第七十五話 農薬が欲しいです

 盛夏の頃となり稲が母上のお腹よろしくすくすくと伸びてきている。このまま今年も豊作と思ったある日。


「殿、失礼致します」


「如何した?」


「浮塵子(うんか)が発生してございます」


「おお夏ウンカか。今年は稲病も少なくすみそうだな」


「父上、浮塵子とはなんでございましょう?」


 浮塵子、夏から秋にかけて発生する代表的な虫害だ。大きさは一分六厘(5mm弱)ほどの虫で、稲に付くという。夏浮塵子の場合はいもち病の被害が減るという。一方で秋浮塵子が発生すると坪がれという田に丸い穴が空いたように枯れた区画ができ、大幅な減収になるとのこと。

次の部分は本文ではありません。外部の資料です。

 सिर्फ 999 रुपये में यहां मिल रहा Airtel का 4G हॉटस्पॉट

 浮塵子か、ぼんやり殺虫剤などを考えていたが少し急がなければならんな。しかしネオニコチノイド系農薬なんて当然今時代に作れるわけがない。タバコも未だ手に入れられてないのでニコチンを使用するのも不可能。どうにかならんかと思い雪や弥太郎に相談しに行く。


「ウンカですか」


「そう、なんかいい防除法ない?」


「前にも言ったけど、私は農業科ではないのよ?まぁそれはおいといて一番いいのは農薬ね」


「農薬なぁ……ネオニコチノイドはもちろん作れないしタバコもまだないんだけど何か手はないか?」


「たしか江戸時代には鯨油とか菜種油を数滴田んぼに垂らして、虫を叩き落とすってことをしてたような」


 どういう機序かしらんが、一つの方策になるか。大きな船が出来たら捕鯨もしようかな。

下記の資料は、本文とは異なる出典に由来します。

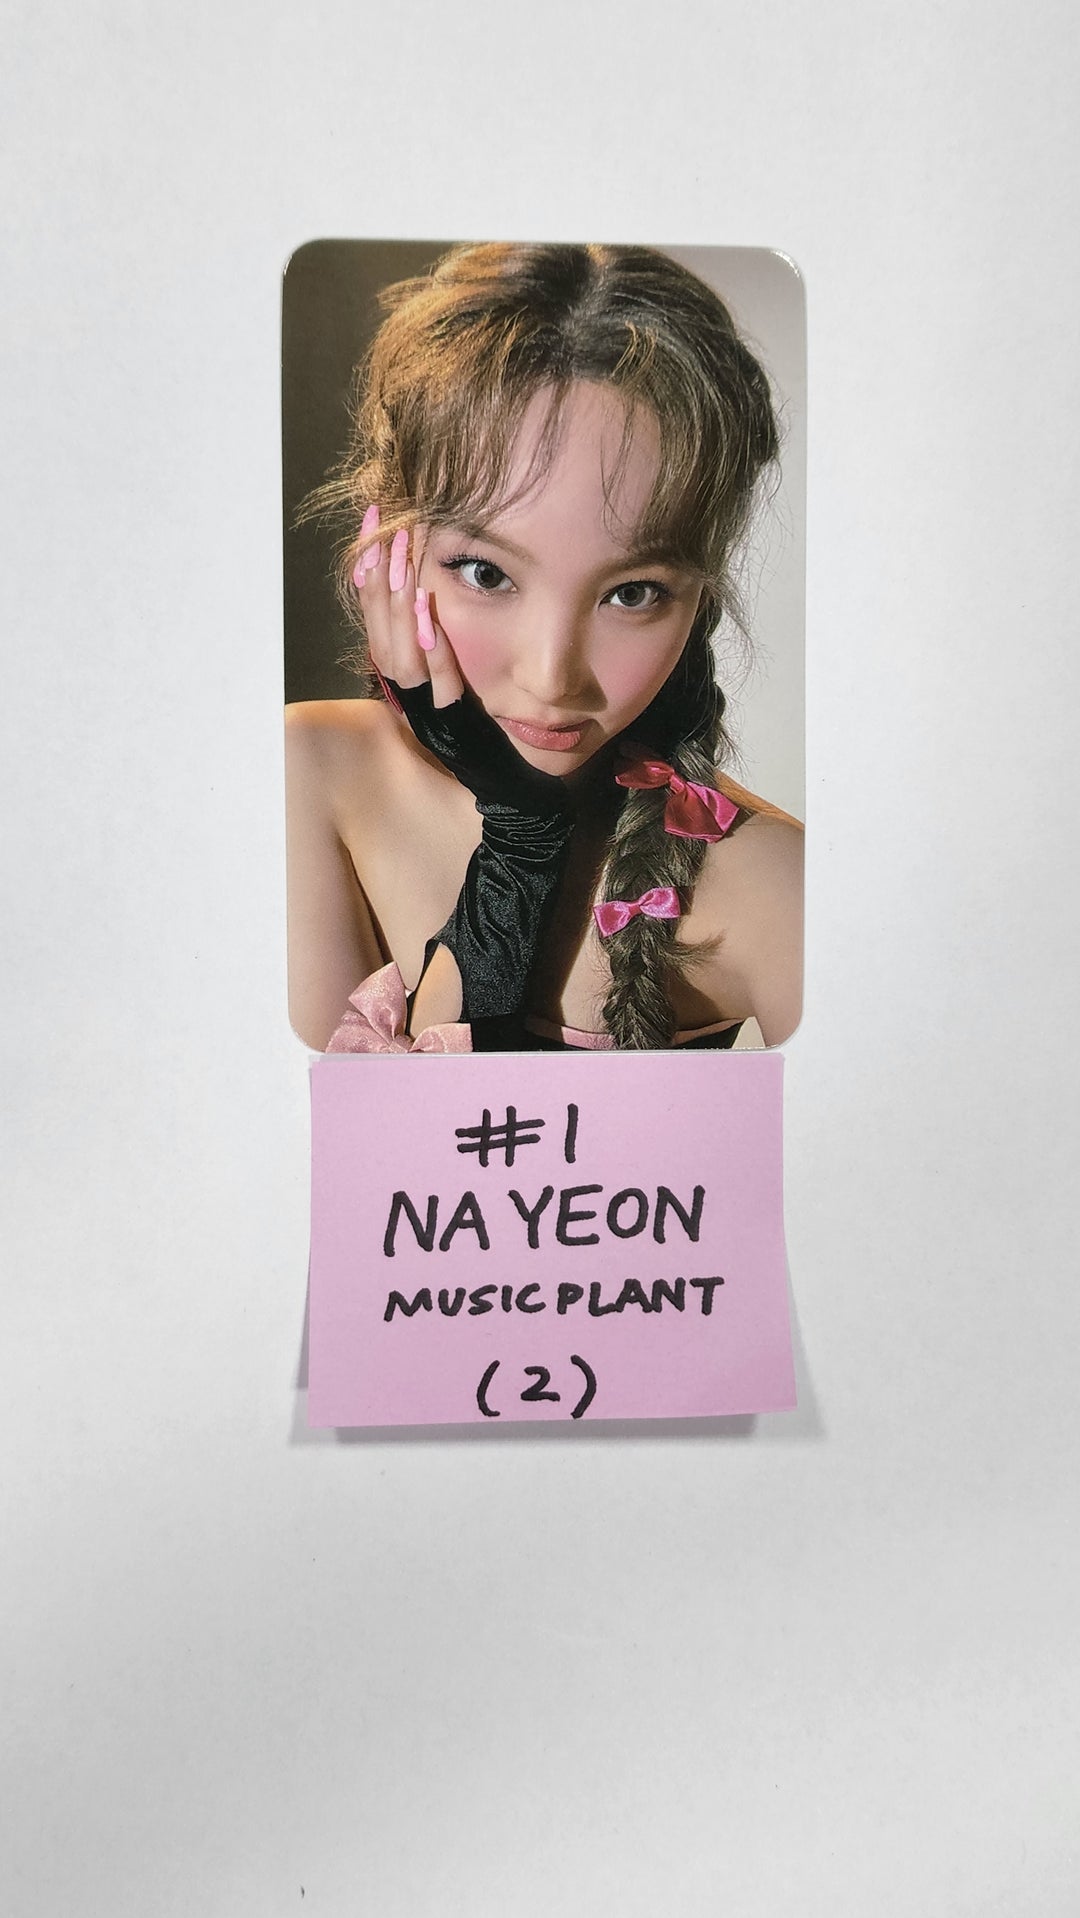 ナヨン「IM NAYEON」 - Music Plant 抽選イベントフォトカード、2カット写真

「あと、水がしっかり張ってある田んぼのほうがウンカ被害でやすいのよ」


「なんで?」


「さあ、詳しいことはわかんないけど、選択してた講義でそんなこと言ってた気がする」


 中干しとはまた違うようだが、乾田化したほうがいいのは間違いなさそうだな。暗渠はともかく土入れしてすこし排水しやすいようにしたほうがいいかな。

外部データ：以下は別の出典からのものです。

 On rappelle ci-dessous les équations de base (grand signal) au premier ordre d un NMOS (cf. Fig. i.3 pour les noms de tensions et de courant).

「んじゃあ来年、一部の田んぼを乾田化して効果をみて見るか」


 するとしても一枚か二枚くらいだけど、ところどころ穴を開けた樋を田んぼに埋めて排水できるようにしてみよう。


「それよりさ!若様、私にも馬がほしいです!」


 母上が横乗りしてたのを見たのも一因だが、巴御前よろしく騎馬で駆けたいという。


「巴御前って……」


「なにかおかしいかしら?」


「いやよく勘違いされるけど、巴御前は実在性が疑問視されてるよ」


 雪がまさに青天の霹靂といった感じの表情をしている。


「え、じゃあ木曽義仲の奥さんって?」


「はっきりとした史料はなかったかな。少なくとも吾妻鏡には巴御前は出てきていないんだ。もっとも鎌倉幕府が作った歴史書なんで正確ではないかもしれないけど」


「でも平家物語では出てくるよね?」


「そうだけど、義仲の最期にちらっと出てくるだけだからなぁ」


 源平盛衰記にはもう少し詳述されているが、板額御前と浅利義遠の逸話に似ていることから板額御前をモデルに創作された可能性がある。と言われているんだっけか。


「でもモデルになるような女武者はいたのね」


「まあね……何が言いたい?」


「あら、わかっているくせに」


「清之の許可が出ればな」


 この時代は男女同権ではないし、そもそも人権なんて無いから慰み者にされるかもしれない。


「もしかしたら、くっころ!になるかもしれんけどいいのか?」


「じゃあ戦場に出るときはしっかり男装していくわね」


 そういうことでは無いように思うけど、まあ男装は妊娠出産とならび女性にしかできない女らしさの極地でもある、かな。男装の麗人とかいいよね。